» **Stored entries**

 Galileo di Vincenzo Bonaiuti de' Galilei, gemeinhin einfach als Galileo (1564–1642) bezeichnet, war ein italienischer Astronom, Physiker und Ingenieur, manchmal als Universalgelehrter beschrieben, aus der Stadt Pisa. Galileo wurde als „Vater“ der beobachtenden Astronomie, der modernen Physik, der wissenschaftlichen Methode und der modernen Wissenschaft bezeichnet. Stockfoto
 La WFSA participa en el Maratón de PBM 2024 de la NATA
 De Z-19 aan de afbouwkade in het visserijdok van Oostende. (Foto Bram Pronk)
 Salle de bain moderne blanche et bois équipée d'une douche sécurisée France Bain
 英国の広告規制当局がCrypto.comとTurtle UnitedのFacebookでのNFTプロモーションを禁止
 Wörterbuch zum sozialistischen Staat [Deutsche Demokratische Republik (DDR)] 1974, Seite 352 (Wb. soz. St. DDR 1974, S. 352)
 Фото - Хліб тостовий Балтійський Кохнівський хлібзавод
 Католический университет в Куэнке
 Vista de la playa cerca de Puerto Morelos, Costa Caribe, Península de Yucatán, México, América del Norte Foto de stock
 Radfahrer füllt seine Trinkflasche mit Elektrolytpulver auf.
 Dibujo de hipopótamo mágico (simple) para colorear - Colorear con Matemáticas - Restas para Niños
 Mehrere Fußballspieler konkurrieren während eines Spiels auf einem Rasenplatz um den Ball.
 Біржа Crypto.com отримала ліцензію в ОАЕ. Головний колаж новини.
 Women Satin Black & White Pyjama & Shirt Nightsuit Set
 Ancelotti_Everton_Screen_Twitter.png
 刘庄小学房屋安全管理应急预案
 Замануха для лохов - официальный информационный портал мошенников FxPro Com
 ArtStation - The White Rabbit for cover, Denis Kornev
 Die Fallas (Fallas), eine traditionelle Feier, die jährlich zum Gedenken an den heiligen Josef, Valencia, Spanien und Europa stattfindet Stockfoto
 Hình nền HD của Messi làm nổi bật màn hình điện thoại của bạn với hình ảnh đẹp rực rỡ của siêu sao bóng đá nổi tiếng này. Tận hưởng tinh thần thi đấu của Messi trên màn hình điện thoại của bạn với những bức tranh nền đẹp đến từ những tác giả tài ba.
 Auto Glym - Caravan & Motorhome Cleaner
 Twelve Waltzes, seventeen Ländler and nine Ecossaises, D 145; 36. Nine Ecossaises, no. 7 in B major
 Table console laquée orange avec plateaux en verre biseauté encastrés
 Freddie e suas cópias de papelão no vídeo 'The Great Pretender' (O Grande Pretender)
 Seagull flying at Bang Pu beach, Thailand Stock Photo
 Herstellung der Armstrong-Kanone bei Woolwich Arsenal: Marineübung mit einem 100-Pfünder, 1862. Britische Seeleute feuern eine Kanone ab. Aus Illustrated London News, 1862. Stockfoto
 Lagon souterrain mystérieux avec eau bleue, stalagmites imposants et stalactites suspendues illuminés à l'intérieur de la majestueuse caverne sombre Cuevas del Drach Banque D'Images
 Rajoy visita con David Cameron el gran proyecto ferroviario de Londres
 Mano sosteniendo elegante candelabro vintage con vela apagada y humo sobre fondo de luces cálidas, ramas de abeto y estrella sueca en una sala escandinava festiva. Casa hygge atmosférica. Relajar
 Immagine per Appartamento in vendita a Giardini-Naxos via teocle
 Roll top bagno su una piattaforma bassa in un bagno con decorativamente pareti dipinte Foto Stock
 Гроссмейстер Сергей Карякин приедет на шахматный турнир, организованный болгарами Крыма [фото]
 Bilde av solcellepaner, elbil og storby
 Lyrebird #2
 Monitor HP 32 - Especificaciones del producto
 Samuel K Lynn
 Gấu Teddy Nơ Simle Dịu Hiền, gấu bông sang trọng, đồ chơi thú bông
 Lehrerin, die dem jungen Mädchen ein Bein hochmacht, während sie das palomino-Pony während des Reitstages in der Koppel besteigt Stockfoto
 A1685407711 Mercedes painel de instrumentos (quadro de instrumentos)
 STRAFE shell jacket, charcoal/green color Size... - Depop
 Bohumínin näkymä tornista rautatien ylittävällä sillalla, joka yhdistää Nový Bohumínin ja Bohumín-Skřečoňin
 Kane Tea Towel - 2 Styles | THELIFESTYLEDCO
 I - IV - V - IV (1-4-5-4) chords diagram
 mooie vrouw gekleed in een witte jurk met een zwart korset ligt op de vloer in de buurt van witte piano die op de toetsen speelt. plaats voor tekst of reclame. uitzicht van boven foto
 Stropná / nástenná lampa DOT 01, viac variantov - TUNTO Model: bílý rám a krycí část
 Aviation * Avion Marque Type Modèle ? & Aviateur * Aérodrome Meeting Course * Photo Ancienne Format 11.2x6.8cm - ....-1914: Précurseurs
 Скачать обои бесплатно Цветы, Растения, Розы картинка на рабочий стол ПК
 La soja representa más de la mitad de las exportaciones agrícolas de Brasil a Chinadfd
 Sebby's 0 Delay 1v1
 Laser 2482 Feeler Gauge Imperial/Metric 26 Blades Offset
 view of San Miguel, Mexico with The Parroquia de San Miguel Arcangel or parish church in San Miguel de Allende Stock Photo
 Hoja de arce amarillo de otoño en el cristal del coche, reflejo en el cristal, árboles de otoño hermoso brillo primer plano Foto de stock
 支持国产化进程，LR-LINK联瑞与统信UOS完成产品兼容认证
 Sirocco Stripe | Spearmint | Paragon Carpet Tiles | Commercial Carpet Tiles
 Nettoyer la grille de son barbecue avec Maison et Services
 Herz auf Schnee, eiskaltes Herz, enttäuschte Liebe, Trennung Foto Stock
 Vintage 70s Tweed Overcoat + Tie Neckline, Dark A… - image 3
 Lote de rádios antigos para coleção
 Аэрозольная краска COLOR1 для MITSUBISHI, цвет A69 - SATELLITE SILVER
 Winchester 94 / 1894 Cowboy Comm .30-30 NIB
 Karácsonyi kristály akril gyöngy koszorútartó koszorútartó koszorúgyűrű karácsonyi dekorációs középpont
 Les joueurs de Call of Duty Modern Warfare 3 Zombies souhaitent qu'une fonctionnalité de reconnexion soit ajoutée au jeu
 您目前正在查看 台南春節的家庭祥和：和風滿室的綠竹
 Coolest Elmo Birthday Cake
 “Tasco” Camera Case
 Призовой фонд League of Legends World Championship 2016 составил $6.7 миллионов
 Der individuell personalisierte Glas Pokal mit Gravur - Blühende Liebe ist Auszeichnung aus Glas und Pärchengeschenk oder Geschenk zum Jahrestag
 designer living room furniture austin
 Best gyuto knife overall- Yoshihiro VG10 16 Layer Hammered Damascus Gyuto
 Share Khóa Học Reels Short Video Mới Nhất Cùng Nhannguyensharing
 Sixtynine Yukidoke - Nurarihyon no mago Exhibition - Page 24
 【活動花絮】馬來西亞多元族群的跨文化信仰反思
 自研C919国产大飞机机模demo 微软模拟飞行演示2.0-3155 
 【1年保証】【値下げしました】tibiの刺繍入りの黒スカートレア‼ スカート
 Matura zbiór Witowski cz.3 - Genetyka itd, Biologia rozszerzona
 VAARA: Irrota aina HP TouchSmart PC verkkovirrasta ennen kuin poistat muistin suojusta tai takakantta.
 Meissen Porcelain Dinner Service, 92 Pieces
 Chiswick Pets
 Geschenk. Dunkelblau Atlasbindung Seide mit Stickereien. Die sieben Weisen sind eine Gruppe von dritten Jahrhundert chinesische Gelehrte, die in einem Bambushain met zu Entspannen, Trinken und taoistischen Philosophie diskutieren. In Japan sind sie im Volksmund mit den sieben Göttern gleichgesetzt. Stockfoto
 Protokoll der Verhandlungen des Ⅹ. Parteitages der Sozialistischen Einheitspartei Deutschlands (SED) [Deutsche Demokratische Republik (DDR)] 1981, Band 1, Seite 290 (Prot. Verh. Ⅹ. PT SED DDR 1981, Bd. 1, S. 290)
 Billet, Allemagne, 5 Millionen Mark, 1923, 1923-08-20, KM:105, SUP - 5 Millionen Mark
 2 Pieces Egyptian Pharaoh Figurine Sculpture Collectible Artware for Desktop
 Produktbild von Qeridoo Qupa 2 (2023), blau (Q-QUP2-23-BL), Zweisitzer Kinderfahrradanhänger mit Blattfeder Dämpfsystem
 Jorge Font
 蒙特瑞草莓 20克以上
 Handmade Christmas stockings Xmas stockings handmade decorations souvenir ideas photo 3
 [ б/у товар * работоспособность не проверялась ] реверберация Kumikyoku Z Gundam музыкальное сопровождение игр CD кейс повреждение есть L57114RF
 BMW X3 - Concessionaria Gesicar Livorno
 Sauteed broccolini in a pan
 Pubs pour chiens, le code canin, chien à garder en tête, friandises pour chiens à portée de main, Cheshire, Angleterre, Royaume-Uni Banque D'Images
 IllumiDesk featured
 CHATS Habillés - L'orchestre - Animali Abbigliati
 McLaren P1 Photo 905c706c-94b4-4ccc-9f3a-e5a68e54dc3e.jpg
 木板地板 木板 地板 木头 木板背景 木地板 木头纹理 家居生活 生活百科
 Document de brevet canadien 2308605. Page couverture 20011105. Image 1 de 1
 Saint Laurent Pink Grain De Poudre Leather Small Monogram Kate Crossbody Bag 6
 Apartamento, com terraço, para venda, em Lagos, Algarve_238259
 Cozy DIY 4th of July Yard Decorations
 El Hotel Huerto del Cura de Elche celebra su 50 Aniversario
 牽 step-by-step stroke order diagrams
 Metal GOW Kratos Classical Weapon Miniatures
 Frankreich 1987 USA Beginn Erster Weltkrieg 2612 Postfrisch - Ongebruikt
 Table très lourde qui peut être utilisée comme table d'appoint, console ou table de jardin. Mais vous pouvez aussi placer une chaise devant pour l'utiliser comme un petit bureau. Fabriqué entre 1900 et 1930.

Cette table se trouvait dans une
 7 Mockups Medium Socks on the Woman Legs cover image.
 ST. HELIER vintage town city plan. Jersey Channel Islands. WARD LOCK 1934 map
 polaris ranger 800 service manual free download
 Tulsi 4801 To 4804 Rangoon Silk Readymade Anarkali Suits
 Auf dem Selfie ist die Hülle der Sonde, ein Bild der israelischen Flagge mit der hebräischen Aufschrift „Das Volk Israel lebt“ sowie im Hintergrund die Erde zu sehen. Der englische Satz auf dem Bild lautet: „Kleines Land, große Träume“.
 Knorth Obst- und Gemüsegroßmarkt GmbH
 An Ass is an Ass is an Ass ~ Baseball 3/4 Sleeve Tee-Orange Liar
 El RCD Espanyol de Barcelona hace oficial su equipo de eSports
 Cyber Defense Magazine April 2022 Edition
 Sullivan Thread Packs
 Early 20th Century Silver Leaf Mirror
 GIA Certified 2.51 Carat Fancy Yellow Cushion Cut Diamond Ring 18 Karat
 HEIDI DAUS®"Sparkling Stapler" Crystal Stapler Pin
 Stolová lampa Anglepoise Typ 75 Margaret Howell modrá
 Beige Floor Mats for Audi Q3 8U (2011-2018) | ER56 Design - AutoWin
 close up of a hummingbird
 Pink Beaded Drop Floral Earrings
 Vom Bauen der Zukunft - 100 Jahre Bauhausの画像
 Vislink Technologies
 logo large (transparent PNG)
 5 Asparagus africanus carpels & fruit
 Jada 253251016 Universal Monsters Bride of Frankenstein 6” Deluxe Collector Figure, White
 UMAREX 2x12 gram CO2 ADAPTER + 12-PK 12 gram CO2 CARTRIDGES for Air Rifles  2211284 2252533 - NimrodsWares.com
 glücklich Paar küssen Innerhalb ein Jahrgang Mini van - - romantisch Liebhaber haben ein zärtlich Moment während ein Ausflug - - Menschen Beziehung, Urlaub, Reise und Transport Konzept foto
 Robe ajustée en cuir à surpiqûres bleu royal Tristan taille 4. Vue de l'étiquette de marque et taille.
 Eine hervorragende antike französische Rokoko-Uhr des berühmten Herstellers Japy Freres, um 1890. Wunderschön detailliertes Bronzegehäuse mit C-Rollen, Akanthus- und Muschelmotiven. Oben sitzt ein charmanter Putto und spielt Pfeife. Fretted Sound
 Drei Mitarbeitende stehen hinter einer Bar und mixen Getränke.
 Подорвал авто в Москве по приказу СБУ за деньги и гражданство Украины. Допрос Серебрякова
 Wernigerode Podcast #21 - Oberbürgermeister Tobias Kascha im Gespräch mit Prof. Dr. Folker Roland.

» **Directions**
Provide only the count of lines above in which the word "Republik" occurs.

» **Response area**
2